Whenever one thinks about the separate way we might think of an art and artist, the subject of Richard Dadd is an obvious example. One of my favourite authors, Angela Carter, even wrote "Come unto these Yellow Sands", a play based on Dadd's life.
Dadd was incarcerated in 1843 in Bethlehem psychiatric hospital, the place most famously dubbed "Bedlam Asylum", and later in Broadmoor Hospital, which has housed a veritable rogues gallery of British killers. Dadd, who was probably a paranoid schizophrenic, had killed his father believing him to be a demon and later took a razor to kill a tourist en route to Paris. His personality had undergone a dramatic and violent change a year previously whilst on an expedition through Europe and into Egypt. However, once Dadd was under care he began producing some of his most famout work. One particular piece, the unfinished masterpiece "The Fairy Feller's Master-Stroke", has gone on to inspire many other artists from the rock band Queen to the fantasy author Terry Pratchett. Dadd accompanied the work with a long poem he wrote one year after the artist stopped working on the piece. Amid the brilliant, incredible and intricate details of the picture, which have to be viewed as extensions of Dadd's complicated psyche, there is the almost hidden figure of an apothecary holding a mortar and pestle.
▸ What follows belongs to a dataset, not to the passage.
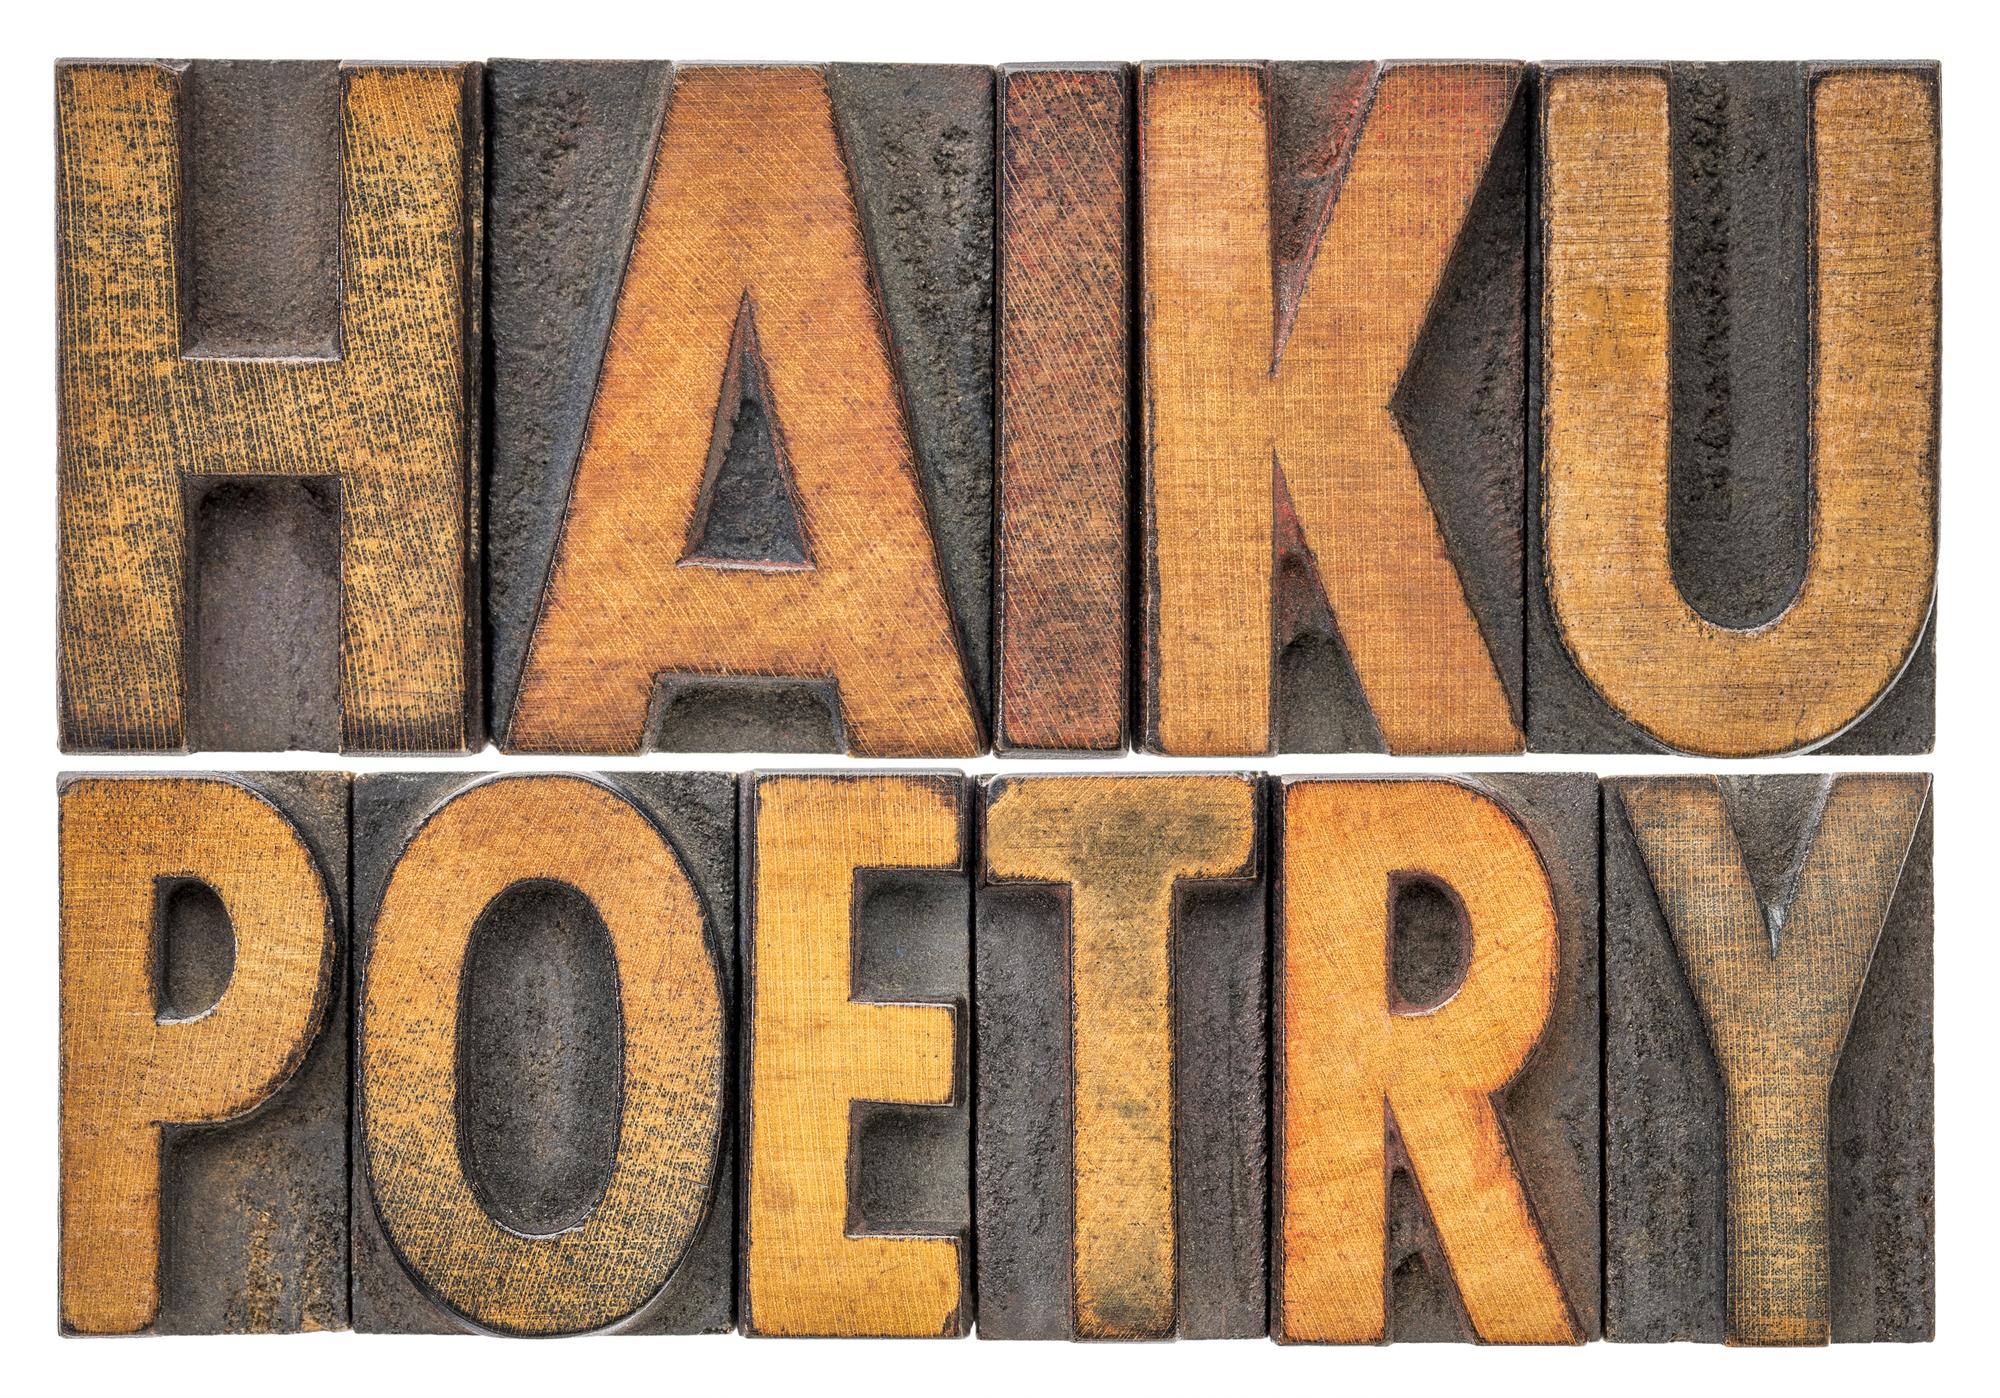 JANUARY HAIKU CHALLENGE LEADS TO FEBRUARY SLAM
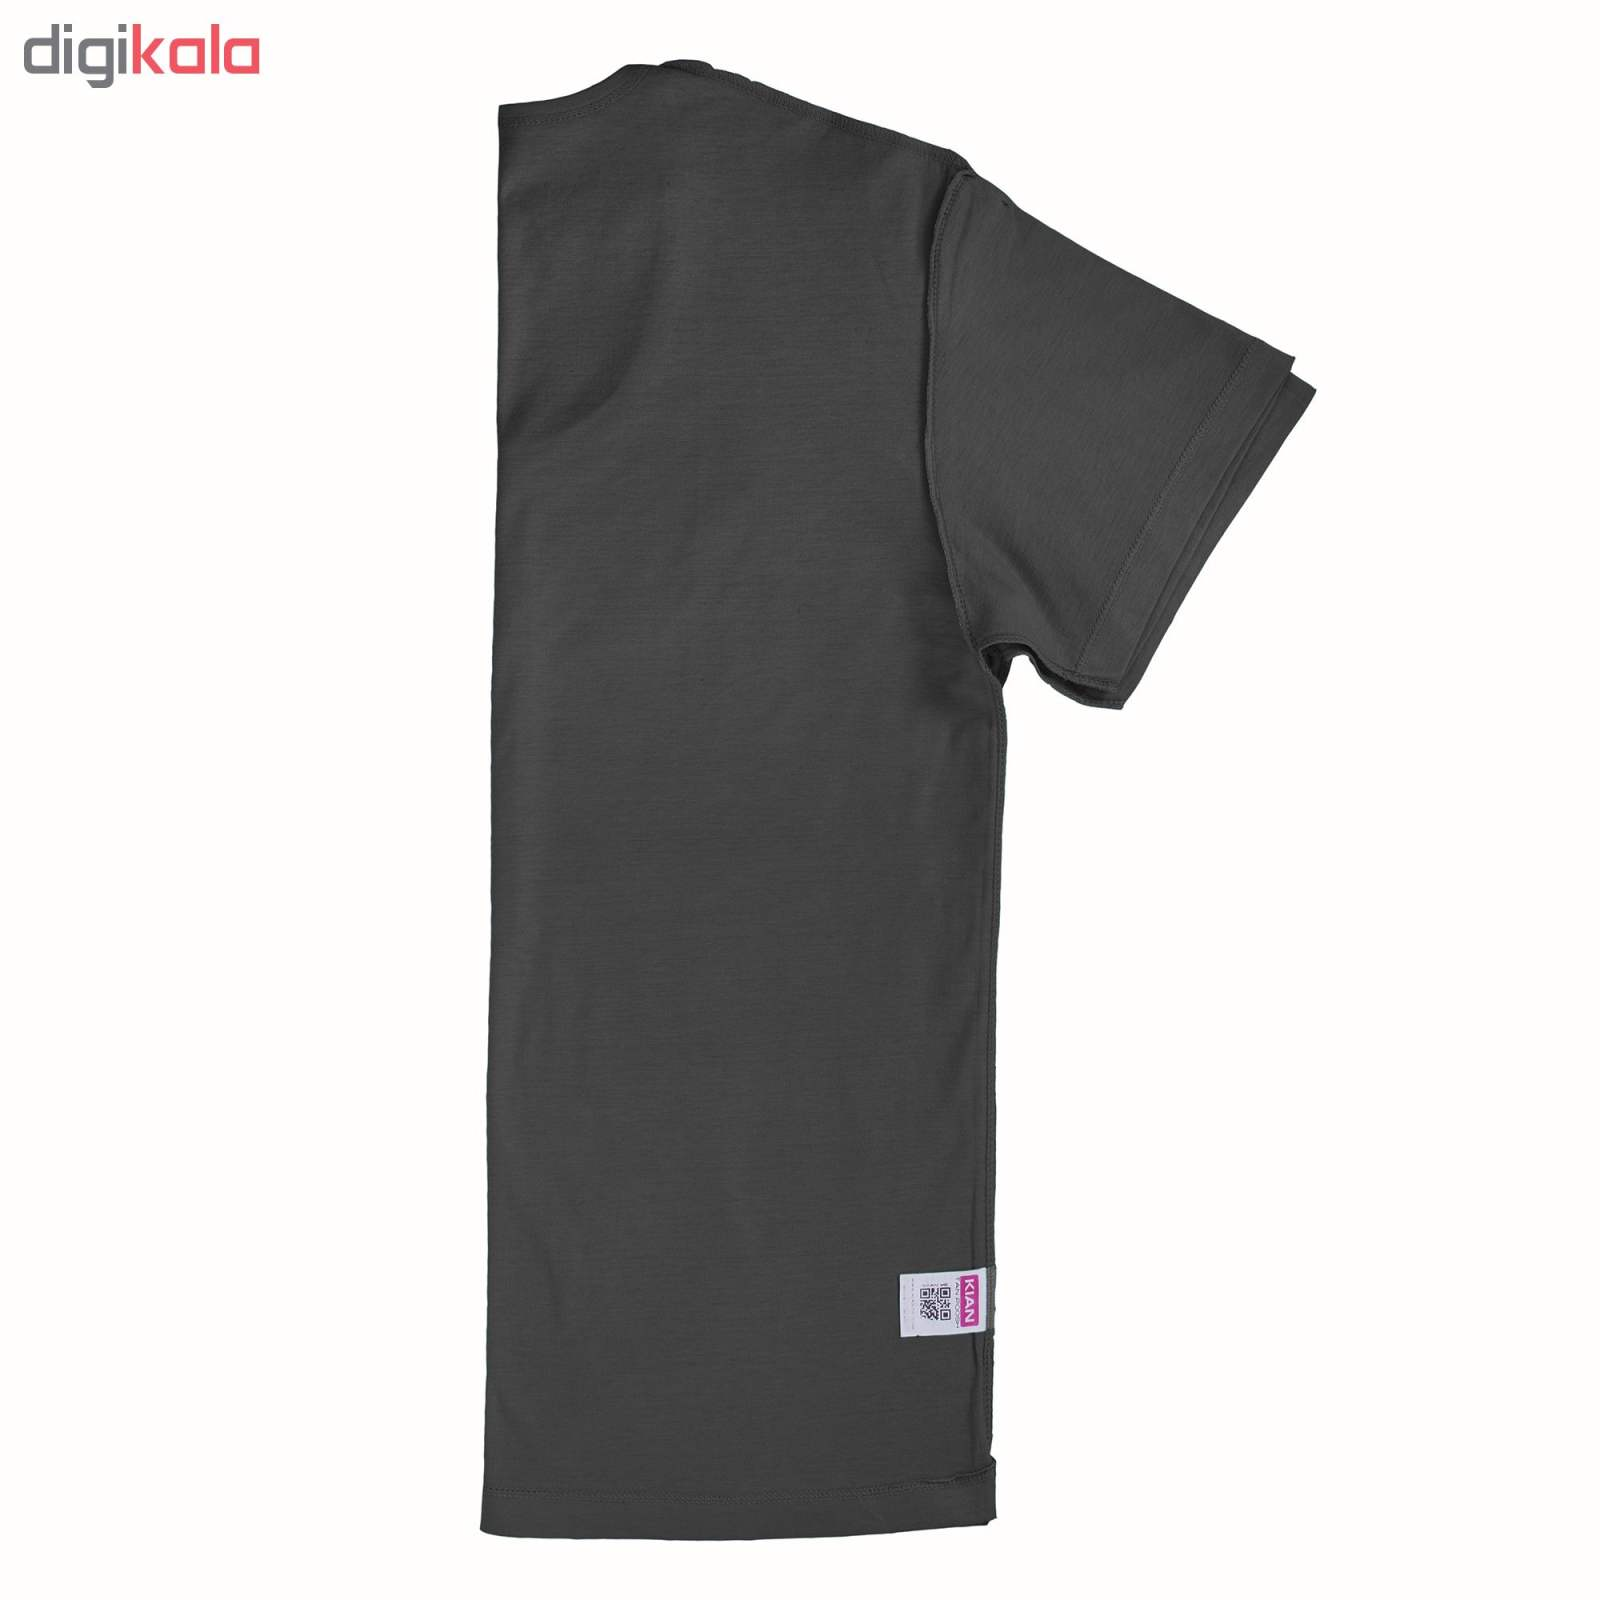 زیرپوش مردانه کیان تن پوش مدل U Neck Shirt Classic LG main 1 2

This is a portrait of Dadd's murdered father, Robert. Few would call into question Dadd's insanity and therefore might absolve him from his violent acts. Few would condemn those who encouraged Dadd to continue with his work as a type of therapy whilst he lived out his incarcerated life. However, how do we judge ourselves when we celebrate this beautiful work?
The examples I have provided are varied in their severity. I
am trying hard not to make comparisons or even suggest an argument. Better
writers have discussed how much fame seems to mitigate the crimes of
celebrities in the eyes of the public and how historical context turns
Alexander into a great conquering visionary and Hitler into the personification
of evil. My aim is to ponder the complexity of trying to separate a work from
its creator. I don't think anyone will arrive at an easy compromise.